The present study evaluated a novel intravenous CGM system. As ivCGM may represent a suitable option for optimizing glycemic control in critical care while reducing the workload for HCPs, accuracy and safety of the device in a postsurgery cardiothoracic intensive care unit (ICU) were investigated.

Methods

A monocentric, open-label, single-arm, pilot study investigating the performance of GlucoMen Day ivCGM (A. Menarini Diagnostics, Florence, Italy) was conducted in patients hospitalized in a cardiothoracic surgery ICU after surgical interventions at the Department for Cardiac Surgery at the Medical University Graz. The study was approved by the local institutional review board (33-615 ex20/21) and was performed according to the International Conference on Harmonization of Technical Requirements for Registration of Pharmaceuticals for Human Use—Good Clinical Practice (ICH-GCP) and the Declaration of Helsinki.
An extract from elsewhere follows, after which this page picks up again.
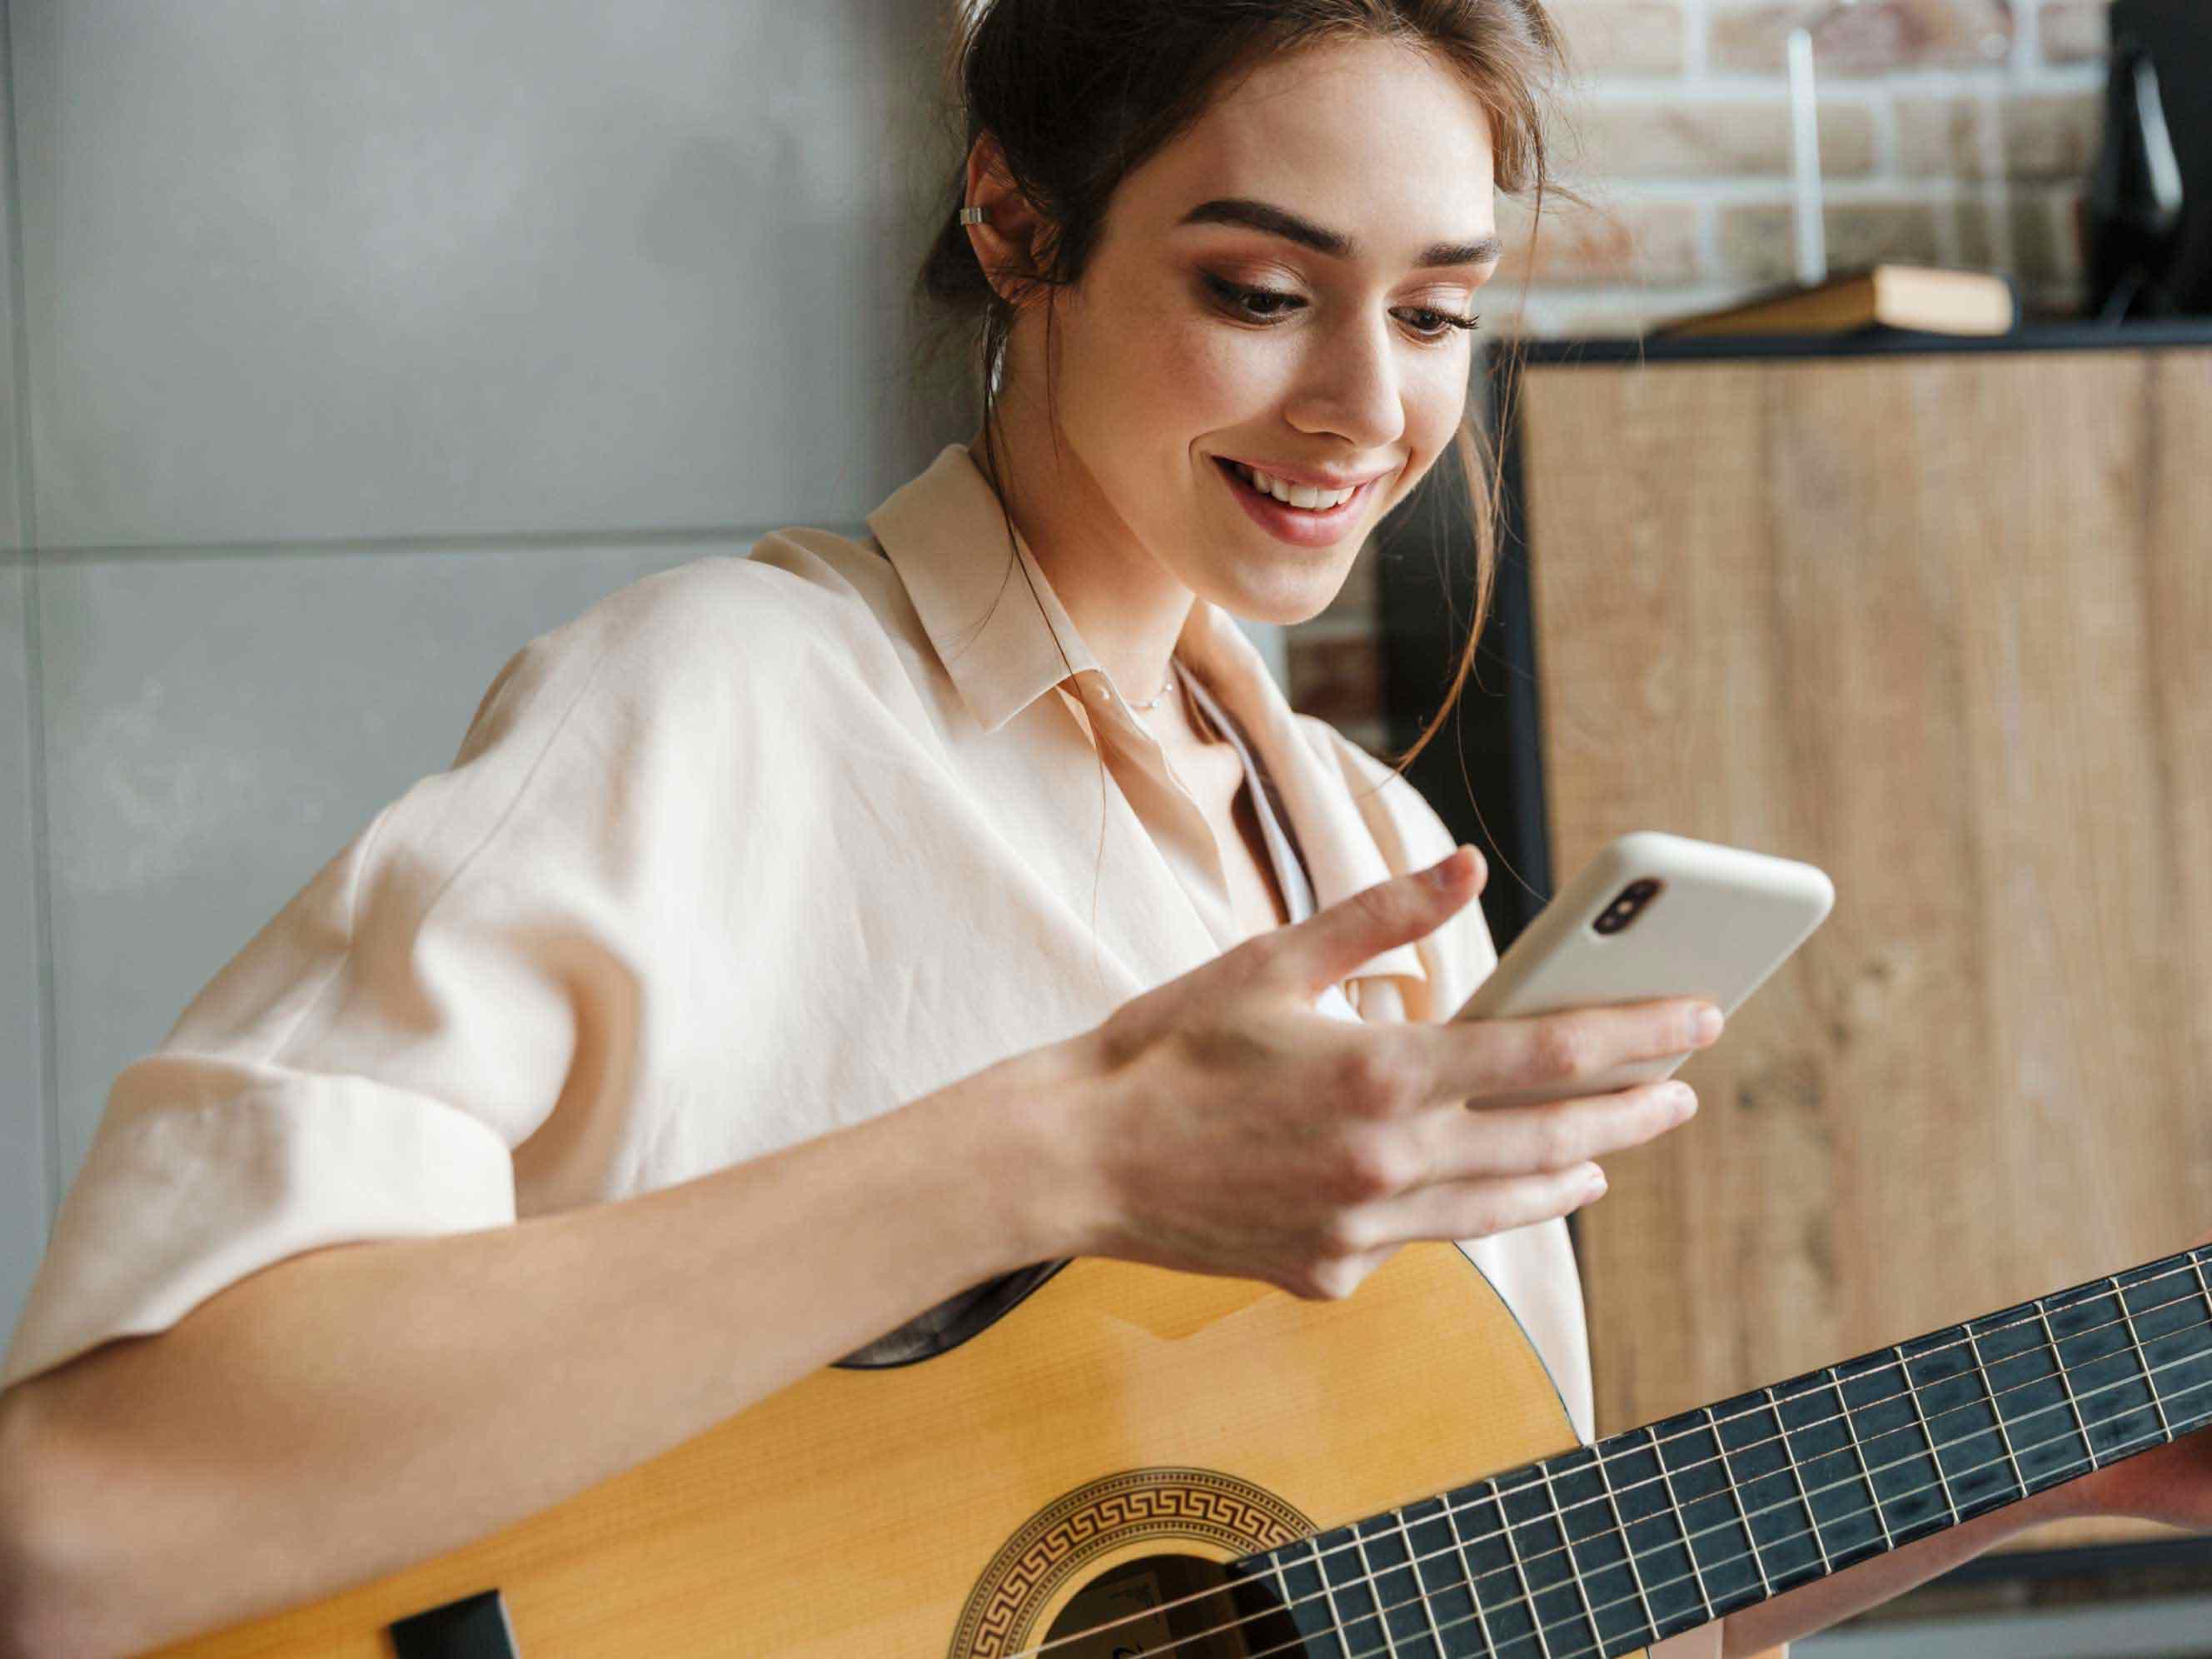 Musikerin unterbricht ihr Gitarrenspiel, um sich die Benachrichtigung auf ihrem Handy anzuschauen, dass sie Geld auf ihrem PayPal-Konto erhalten hat

Primary objective of the study was to evaluate the accuracy of the ivCGM device in measuring blood glucose, compared with the standard laboratory reference measurements. Secondary objective was to evaluate the safety of the system.

Study Participants, Study Device, and Study Procedure

According to the inclusion criteria, patients were hospitalized for cardiac surgery, aged older than 18 years; 10 out of 35 enrolled patients were people living with diabetes. Exclusion criteria included, among others, pregnancy and breastfeeding, history of bleeding disorders, hypersensitivity to fondaparinux sodium, anemia, and absence of suitable veins for intravenous catheter insertion. A detailed list of inclusion and exclusion criteria can be found in Additional file 1.

After a screening visit conducted before surgery, including physical examination and laboratory testing, eligible patients were included in the study. Patients were admitted to the ICU after cardiac surgery, where the ivCGM system was applied.

The ivCGM system is an intravascular microdialysis-based device intended to be used to continuously monitor intravenous glucose levels for up to 72 hours over the predefined range of 20 to 400 mg/dL. It comprises single-use and reusable components, as described in Figure 1 and depicted in Figure 2.

Figure 1.

The investigated ivCGM system: device description and composition.

Figure 2.

The investigated ivCGM system overview: bedside monitor (a), recorder (b), sensor kit (c), real-time glucose data display (d), ivCGM system arranged at patient bedside (e).

For all the eligible subjects, the following procedures were performed. An 18G intravenous catheter was inserted into a suitable peripheral vein of the arm as the access for the ivCGM microdialysis probe. The cephalic vein was primarily recommended, other veins were chosen at investigator’s discretion. The perfusion bag (containing a physiological saline solution injected with 20 mg of fondaparinux sodium to prevent blood clotting at the microdialysis probe) was plugged to the sensor kit drawer, which was then inserted into the recorder and the system initialized. Following the run-in phase, the probe was inserted and locked to the pre-inserted intravenous catheter and the monitoring session started. Based on the microdialysis principle, glucose molecules in the blood stream diffuse into the stream of the circulating perfusion solution to the measuring chamber where they are detected by a glucose oxidase (GOD)-based amperometric biosensor. Due to its low operating voltage, the ivCGM biosensor is not interfered by chemicals such as uric acid, adrenalin, dobutamine, levosimendan, L-DOPA, acetaminophen, and ascorbic acid; out of the tested endogenous and exogenous chemicals (45 species), only glutathione, at concentrations exceeding 1 mmol/L, slightly increased the glucose readings. The system required calibrations: at the start of the CGM session [t = 0], after the first four hours, and every eight hours thereafter. The study staff was thus periodically requested to input a reference glucose value into the bedside monitor, which then displayed the calibrated CGM profile. At the end of the monitoring session, which lasted for a maximum of 72 hours, microdialysis probe and intravenous catheter were removed from the blood vessel.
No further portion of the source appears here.